Женщина прижала Катарину к стене, зажимая ей рот. Принцесса брыкалась и извивалась, пытаясь вырваться, но женщина была сильна. Необычайно сильна. Катарина била ее, дергала за прядь темных волос, выбившуюся из-под капюшона. С таким же успехом могла бы сопротивляться зажатая в кулаке муха. Свободной рукой женщина стиснула ее запястья и удержала ее руки.
Потом она поймала взгляд Катарины.
Ее глаза были синими, темно-синими и ясными, как закатное небо над Испанией.
— Я не убиваю его. Молчи, не говори ничего про то, что видела, и ты сохранишь своего мужа. — Голос ее звучал приглушенно, но отчетливо. Позднее Катарина не смогла вспомнить, на каком языке та говорила.
Катарина едва не рассмеялась. Какой муж? С тем же успехом она могла выбрать монастырь. Но она не могла говорить, не могла пошевелиться.

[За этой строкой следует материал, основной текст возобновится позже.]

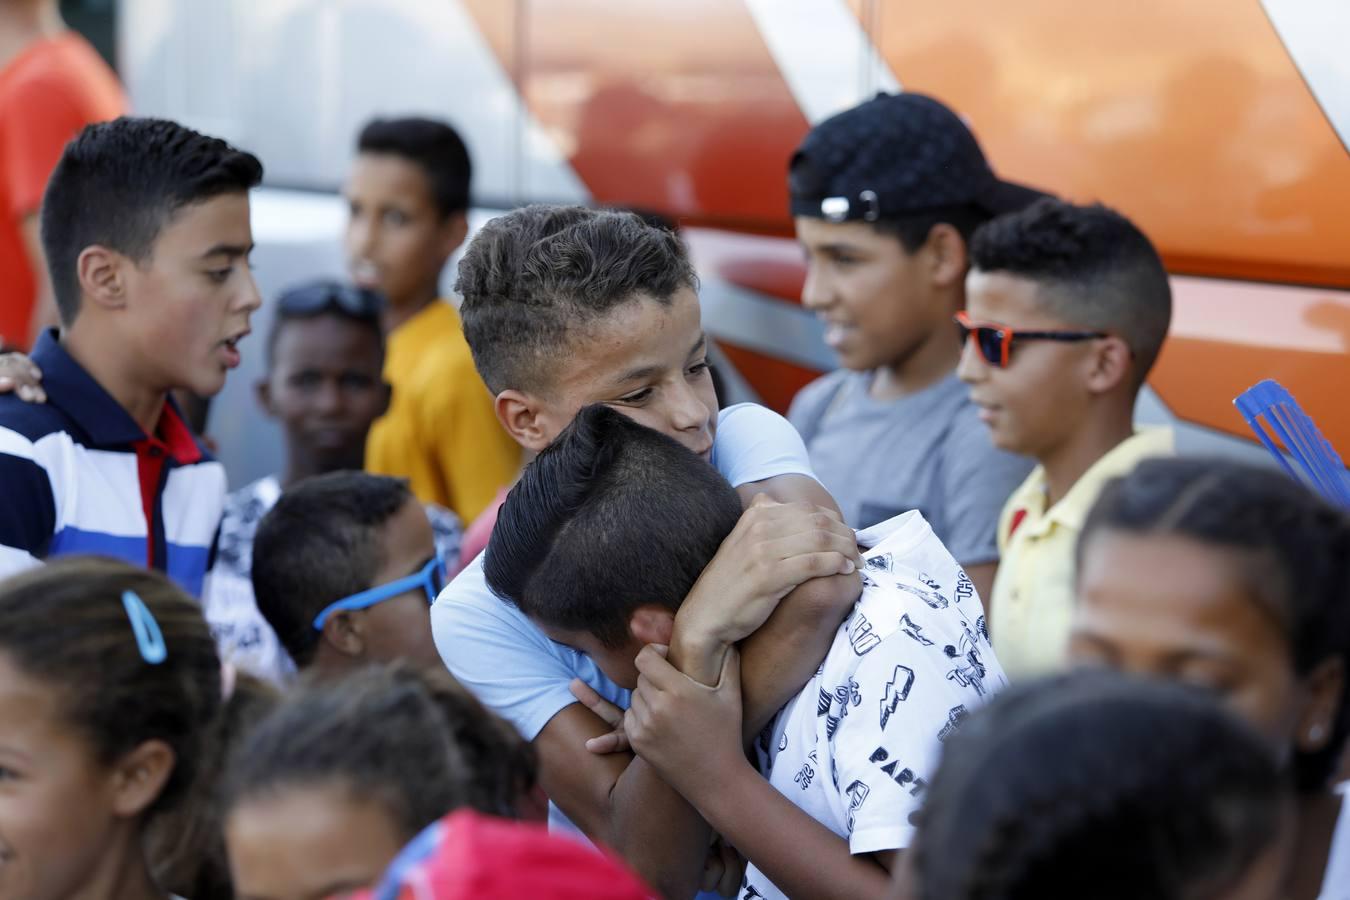 La despedida de los niños saharauis, en imágenes

Прикосновение женщины было холодным. Пальцы, прижатые к лицу Катарины, казались высеченными из мрамора.
— Ты слишком молода для такой ситуации. Бедное дитя!
Женщина улыбнулась, казалось, ласково. На миг Катарине захотелось прижаться к ней, поведать этой женщине обо всех своих печалях — она, наверное, поймет.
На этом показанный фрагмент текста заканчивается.